Дом, где царствующая чета поселилась в Таганроге, был каменный, одноэтажный и состоял из ряда небольших комнат. Александр Павлович сам расставлял в них мебель, вбивал гвозди для картин. Восемь комнат было отведено императрице и двум фрейлинам. Проходной зал посредине отделял покои Елизаветы Алексеевны от двух комнат государя: кабинета (он же спальня) и небольшого полукруглого помещения, служившего туалетной; рядом с ним находился пост дежурного камердинера. При доме был разбит небольшой фруктовый сад, в котором Александр Павлович иногда работал (жители Таганрога с удивлением наблюдали, как монарх приводил в порядок садовые дорожки). Императорская чета, спокойная и довольная, зажила тихой жизнью провинциальных помещиков; между мужем и женой наконец-то установились теплые, сердечные отношения.

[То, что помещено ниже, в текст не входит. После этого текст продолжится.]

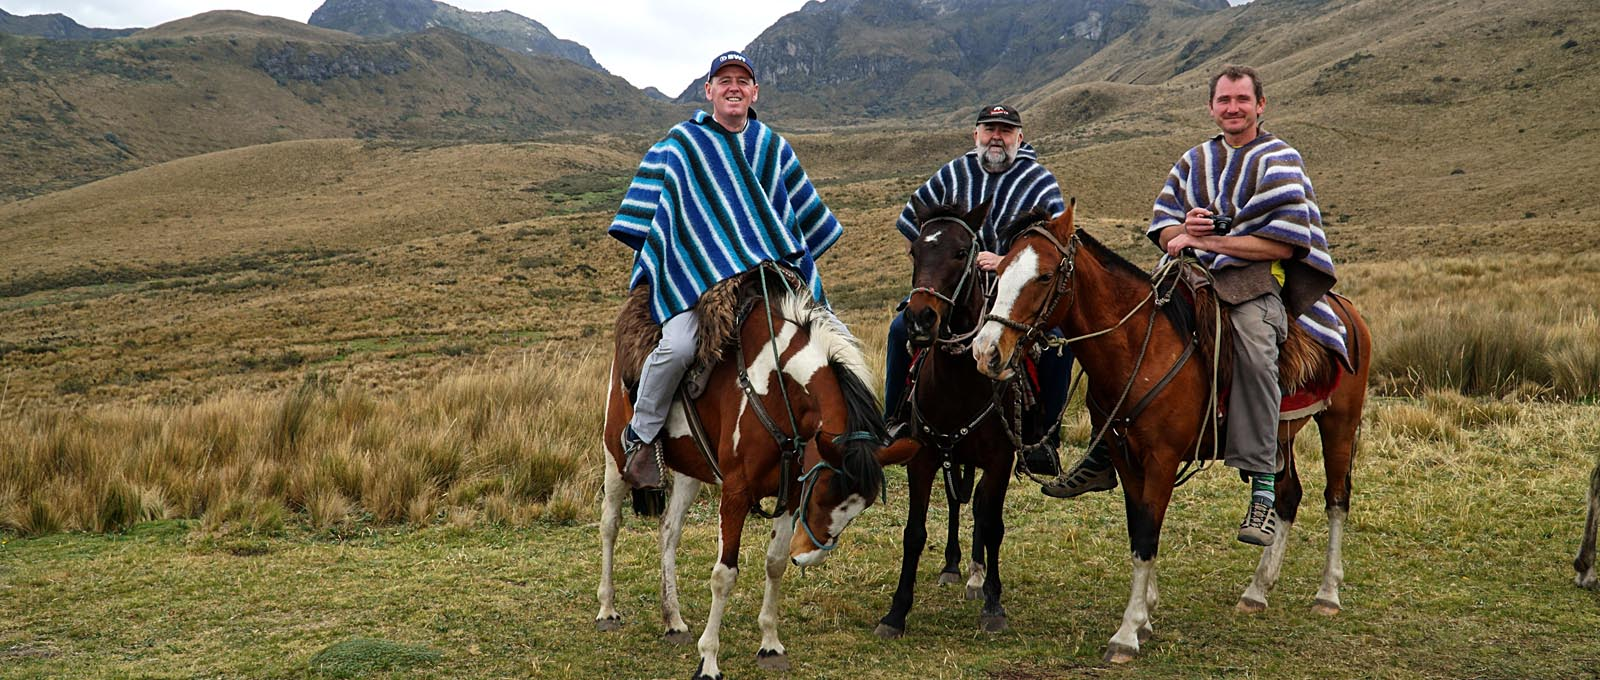 To Ried oppem Husboajch von Quito. Em Hinjagrunt dee Vulkan Oola Pchincha (4690 m). © Andreas Harms

В октябре 1825 года Александр принял приглашение новороссийского и бессарабского губернатора М. С. Воронцова посетить Крым, заметив в шутку, что «добрым соседям следует жить в согласии». Накануне его отъезда произошел случай, о котором позже вспоминали и сам император, и сопровождавшие его лица. Внезапно на город надвинулась огромная туча, и в комнате стало так темно, что монарх приказал зажечь свечи. Вскоре небо прояснилось и появилось солнце. Вошедший в кабинет Александра камердинер неодобрительно сказал: «Нехорошо, государь, что перед вами днем горят свечи». — «А что же за беда? Разве по-твоему это означает что-нибудь недоброе?» — «По-нашему, перед живым человеком среди белого дня свечи не ставят»{309}, — сказал камердинер.
В Крым Александр Павлович выехал 20 октября, и до 27-го путешествие протекало вполне благополучно. Среди прочего он осмотрел Ореанду, где предполагал возвести дворец для своей семьи. 27 октября на пути из Балаклавы монарх решил посетить Георгиевский монастырь. Отпустив свиту, он уже в темноте и при довольно сильном холодном ветре верхом выехал в монастырь, одетый в мундир без шинели или бурки. Поездка продолжалась более часа, после чего путь до Севастополя был проделан в коляске. В последующие дни Александр ни на что не жаловался и лечился только горячим рисовым отваром. 3 ноября он поинтересовался, какие есть лекарства от лихорадки, однако от предложенной хины отказался (он вообще не любил лечиться и принимать порошки).
На обратном пути из Крыма царю со свитой встретился фельдъегерь Масков, который вез депеши из Петербурга и письма из Таганрога. Через несколько минут после их расставания коляска Маскова на глазах у Александра наскочила на кочку и фельдъегеря выбросило на камни. Падение оказалось смертельным (он ударился головой о камень), что, естественно, произвело на монарха тяжелое впечатление. 4 ноября в Мариуполе лейб-медик Я. В. Виллие констатировал у императора развитие «лихорадочного сильного пароксизма». По дороге в Таганрог больной часто впадал в забытье, но по-прежнему отказывался принимать какие-либо снадобья. Когда же 11 ноября лейб-медик попробовал предложить сделать кровопускание, Александр сначала накричал на врача, а потом вообще отказался с ним разговаривать. Так продолжалось до самого кризиса болезни, наступившего 15 ноября. Все эти дни Елизавета Алексеевна не отходила от постели мужа.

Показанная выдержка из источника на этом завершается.